Making My First Browser Plugin
I have a feeling most of my followers know about XKCD already, the webcomic that has become a staple of nerd culture, and if you haven’t then congratulations! You are one of today’s lucky 10,000!
I have been following XKCD religiously for years now, and have enjoyed pretty much every single one of the comics. However, occasionally, there will be one that I don’t get; perhaps an obscure math reference or a programming reference back before that became my thing. On days like that, I was thankful for Explain XKCD, a wiki-like website where nerds get together to explain all of the webcomics.
A few days ago I was looking for a small project to help me get into the world of browser plugins, and the idea occurred to me to add a link to each XKCD comic that would take a user directly to the corresponding page on Explain XKCD.
When I started, I didn’t know what was involved in making a browser plugin, but I figured I’d give it a night to get started and maybe finish it off over the weekend.
I ended up being surprised at how easy it was, within 2 hours of sitting down at the computer I had read the documentation, written a working plugin, packaged it, and gotten it approved on Mozilla’s add-on store!

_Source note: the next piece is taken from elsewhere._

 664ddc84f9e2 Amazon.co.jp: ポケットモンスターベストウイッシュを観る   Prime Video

Mozilla has excellent documentation that describes the entire process from beginning to end, including sample plugins you can code along.

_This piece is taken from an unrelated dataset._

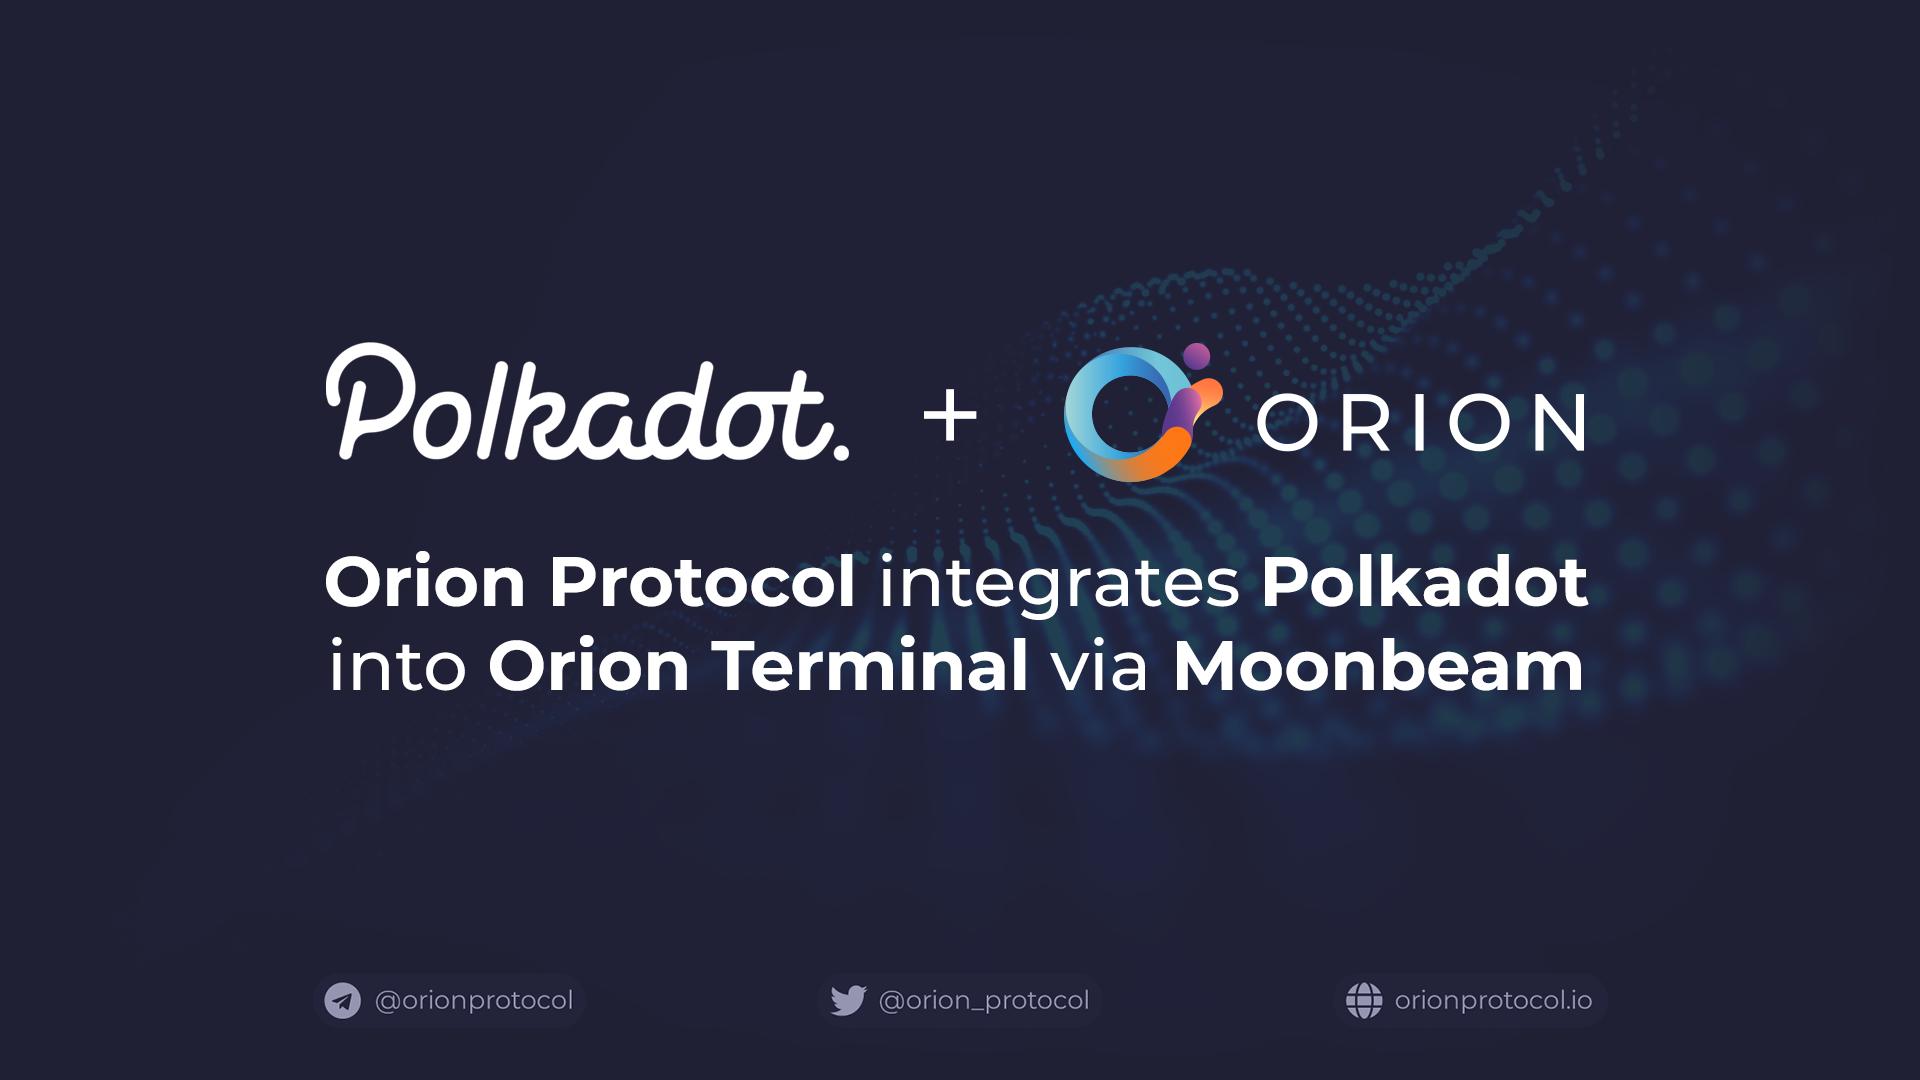 Orion Protocol Integrates Polkadot

The process itself is relatively straightforward. At it’s minimum all a browser plugin contains is a manifest.json file that contains information about the plugin (name, version, the URLs it should work on), and a JavaScript file with the actual code.
Of course, the JavaScript can get as complex as you want it to, but in my case, the whole plugin contained less than 20 lines of code.
If you like XKCD as much as I do I’d appreciate it if you downloaded the extension (you can find it here for Firefox and here for Chrome) and let me know how it works for you!
Feedback is always welcome at the GitHub project page.
This article has been cross-posted from my blog Rabbi On Rails.
You can read more about my coding journey there, or by following me on Twitter @yechielk
Top comments (18)
Very good idea ! I often go to ExplainXKCD after reading XKCD, even when the meaning of the daily comic is obvious, it's always interesting.
I just added you add-on on Firefox !
(on my first use of it I was thinking it may be better to have the link with
target="_blank"
but indeed without it it's the same behavior than the link from ExplainXKCD to XKCD, so your choice is totally coherent.)Lol now that you mention it, when I envisioned the functionality that's how I imagined it, I guess I forgot to implement that :)
I'll see if I decide to leave it as is or fix it in a later update.
mamish a tikkun gadol for the tzibbur of xkcd lomdim, but does it have a haskomah from the mechaber?
😂
No, I made it Al Da'as Atzmi, though I'm sure Reb Munro Shlita won't be Makpid. Bifrat that it was done Lezakos Harabim and Sheloi Al M'nas L'kabel Prass.
Mamish a zchus otzum to be mezakeh the oilum letoieles, and clearly there's no chashash of koichi veoitzem yoddi since you were oimer dovor besheim oimroi. 😁
Nice and simple! I appreciate that it's just an anchor tag rather than some cumbersome, dreaded, modal...shudders
Thanks!
Been using this extension for a few weeks now. Super nice to have. Thanks Yechiel!
Thanks! Glad you found it useful! 🤗
Wow, this is a great idea!
Thanks!
That is awesome! Very clever, I never knew you could literally inject stuff into the dom like that! Nice work!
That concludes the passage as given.